Caregivers’ viral load literacy was also limited as they did not all attend the clinic with their child and had limited contact with healthcare workers. They would often receive information accidentally when the clinic called to search for their child, who may have missed a review or received a high viral load test result. Even caregivers who could attend the clinic with their child rarely received personalised information about their child’s health status, and clinic reviews only provided minimal discussion of their child’s results.
Despite the low levels of viral load literacy among participants in this study, the authors note that these participants were all attending support groups providing psychosocial support for young people with HIV and so are likely to have better understanding than those who are not engaged in support programmes, suggesting that low levels of viral load literacy are expected to be a widespread problem.’
The authors argue that only using test results to identify adherence behaviour fails to take advantage of a valuable opportunity to improve health literacy and motivation among adolescents and provide tailored support. Additionally, by creating a false dichotomy that adherence is either good or bad, it fails to acknowledge that achieving and maintaining viral suppression is challenging and likely to be an imperfect journey.

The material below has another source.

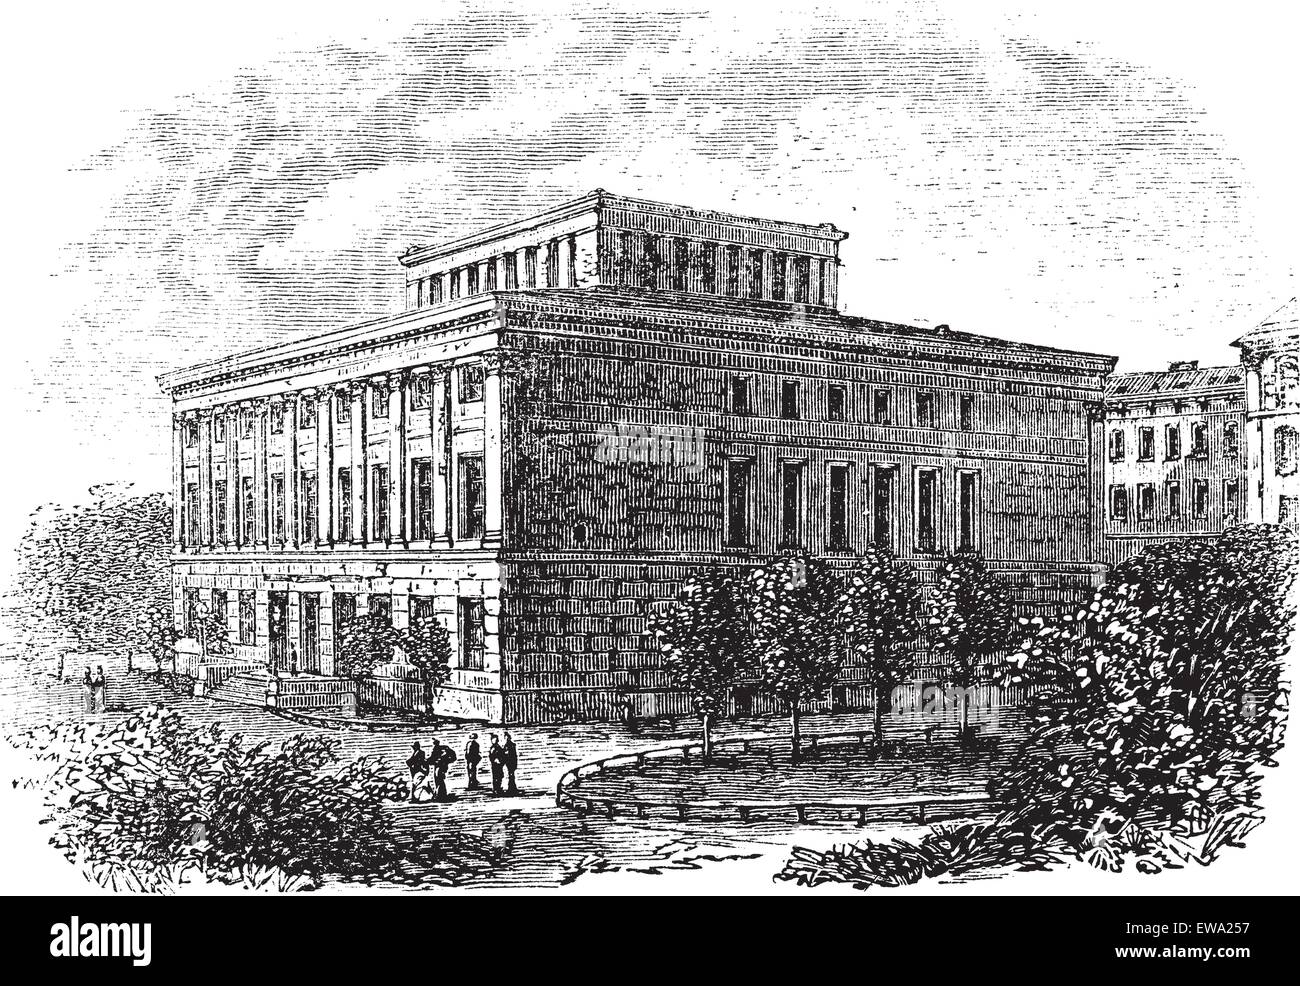 Università di Halle-Wittenberg vintage incisione. Vecchie illustrazioni incise dell università di Halle-Wittenberg,1800s Illustrazione Vettoriale

They recommend the following interventions:
- Viral load test results should be translated from just a number to a story that extends beyond the clinic into young people’s social lives, both present and future. This will spark the potential of viral load to radically transform young people’s relationship with their health and treatment.
- Health workers should be equipped with effective communication skills, tailored resources and guidelines. Viral load literacy can be further reinforced by trained peer counsellors. The research has contributed to the development of viral load literacy resources in Zimbabwe.
- The U=U message should be embedded within the broader understanding of viral load literacy in age-appropriate ways. This approach may help address the concerns of carers and health workers regarding complacency and inconsistent access to testing. It may also reduce the risk of adolescents hearing about U=U without fully appreciating how HIV treatment makes it possible.